Conflicts and how they are mediated is a big aspect of all history and civil development. You start with kinbands who mediate their interactions through excluding people from territory - and probably - murdering competing kinbands. Then you get agriculturalists who start to mediate their interaction by placing fieldstones, sealing their vessels with security seals and recording how much they've made. But the transgression here becomes an ongoing problem - so that laws must be established. The ruling classes now have to intervene and they have to set their own limits. An eye for an eye is established - limits to reciprocity are set, rules of engagement and ownership are evolved - so the law becomes an instrument of the ruling classes to mediate relationships. They likewise establish costs and values for professional services and produce. Commerce and Law are the mediating forces for urban interaction.
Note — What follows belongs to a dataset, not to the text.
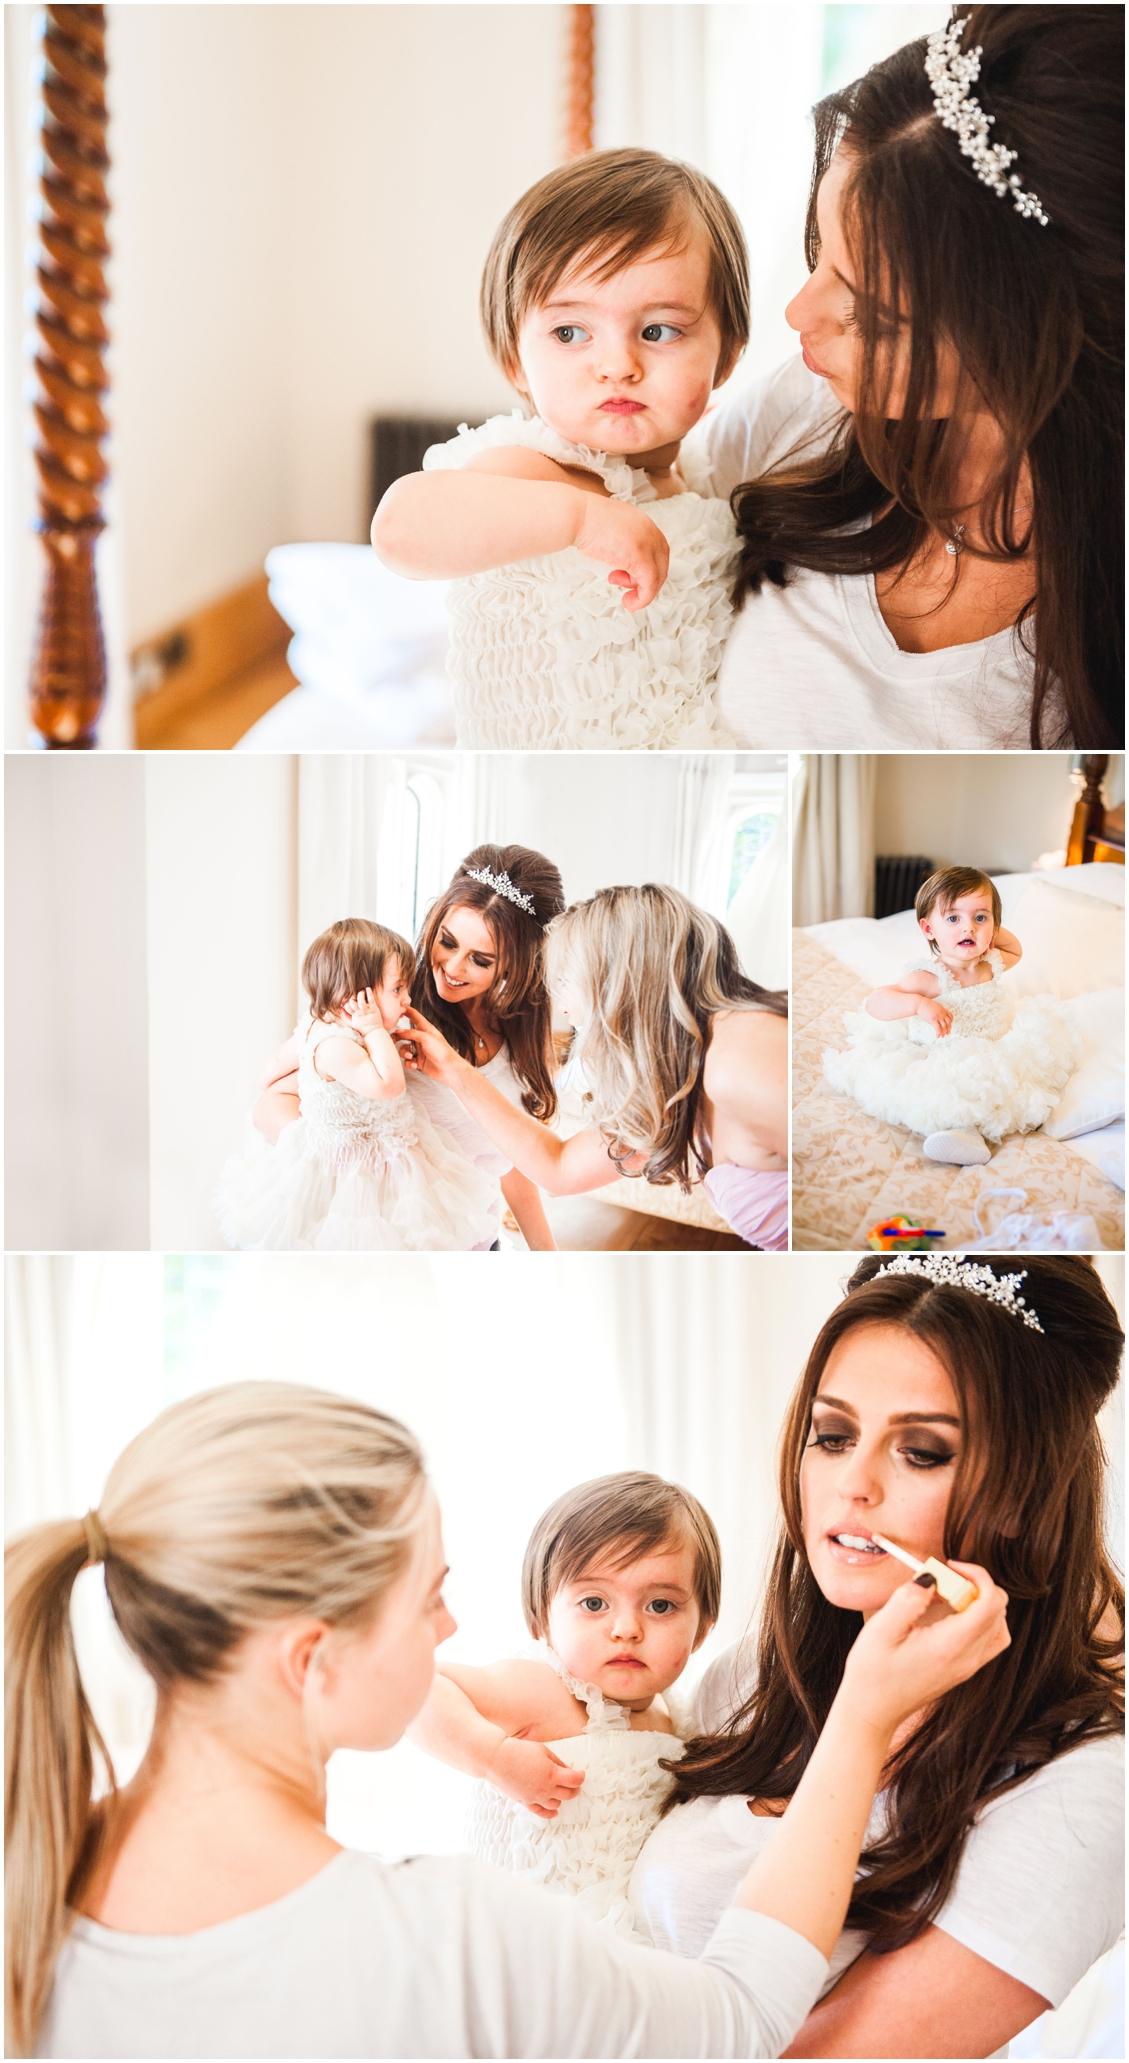 Notley Abbey, Wedding Photography, Lisa Carpenter Photography, photos, Oxfordshire, West Midlands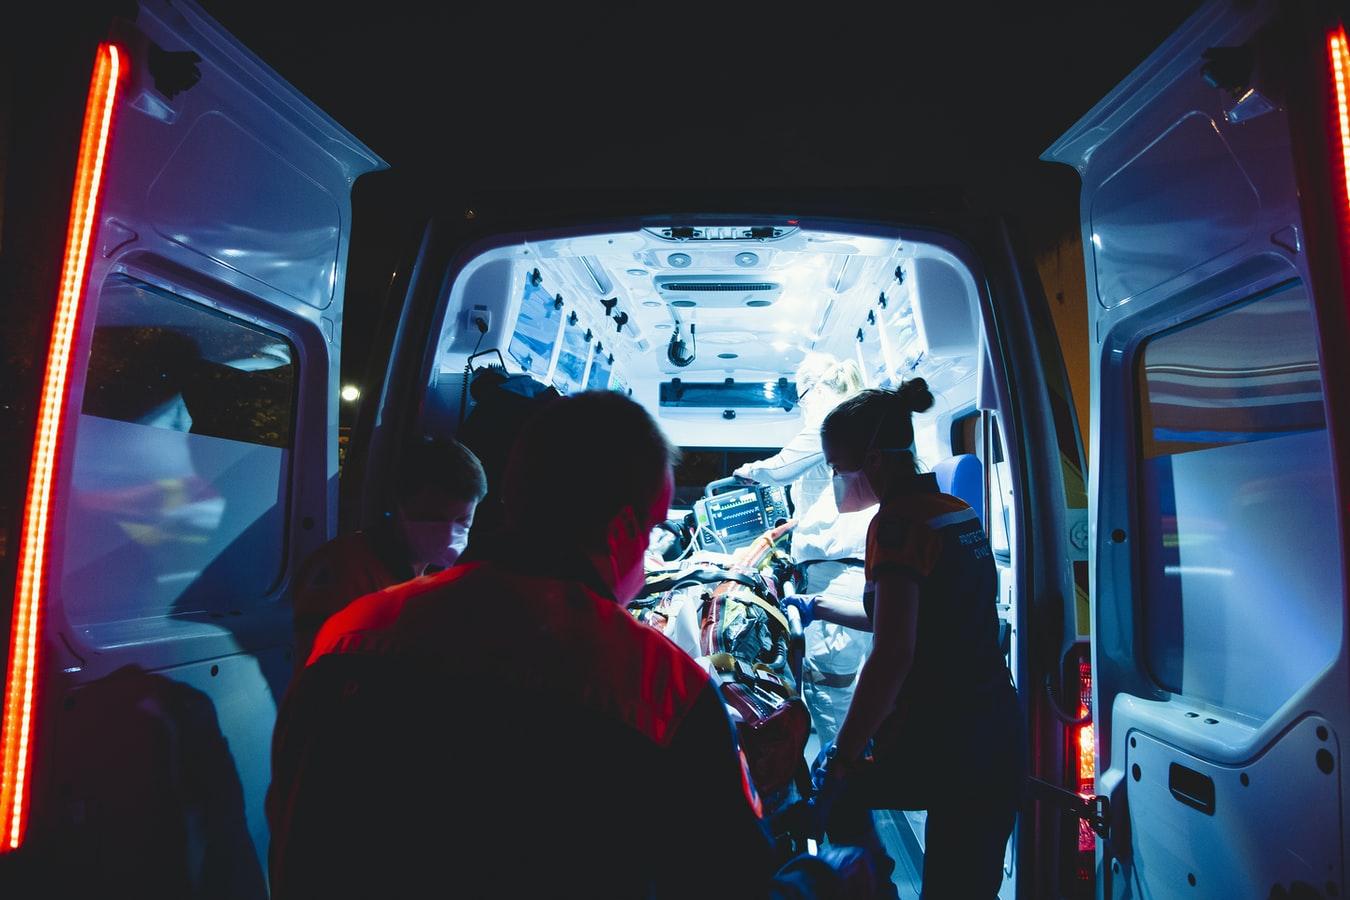 arrêt-cardio-respiratoire-paramedics-canada-ambulancier-le-site-de-reference

So now we're into an area that I think about often which is religion. Religion, here, to me, comes about because of the remnants of deposed ruling castes. You have a King and he rules a stretch of river and he's dominant and maybe even here and there benign. But then he's deposed by a stronger band and they govern - well, his retainers and rememberers all still think back on those glory days- they link him to their agricultural calendrical practices and that's religion. The religious castes emerge as sort of an honorary remnant of the earlier ruling caste. And likewise you have out-caste people, the underclass, slaves and untouchables. Slaves are easy - they come from organized conflict- you conquer the neighboring stretch of river and there you go - you've got a bunch of guys. "Hey, free guys," you say, as you steal all of their stuff and take them to have. Then you've got the people you didn't take, the remenants - the wanderers who infest the trash piles and scavenge off of kingdoms - these guys are repurposed and pressed into service, enslaved without being actually enslaved - they're made to be obedient without being valuable or expensive to maintain. They get to do the things nobody wants to do.
So... That's part 1. Part 2 tomorrow, I guess. I have no idea how many parts there will be to this. It's a big question.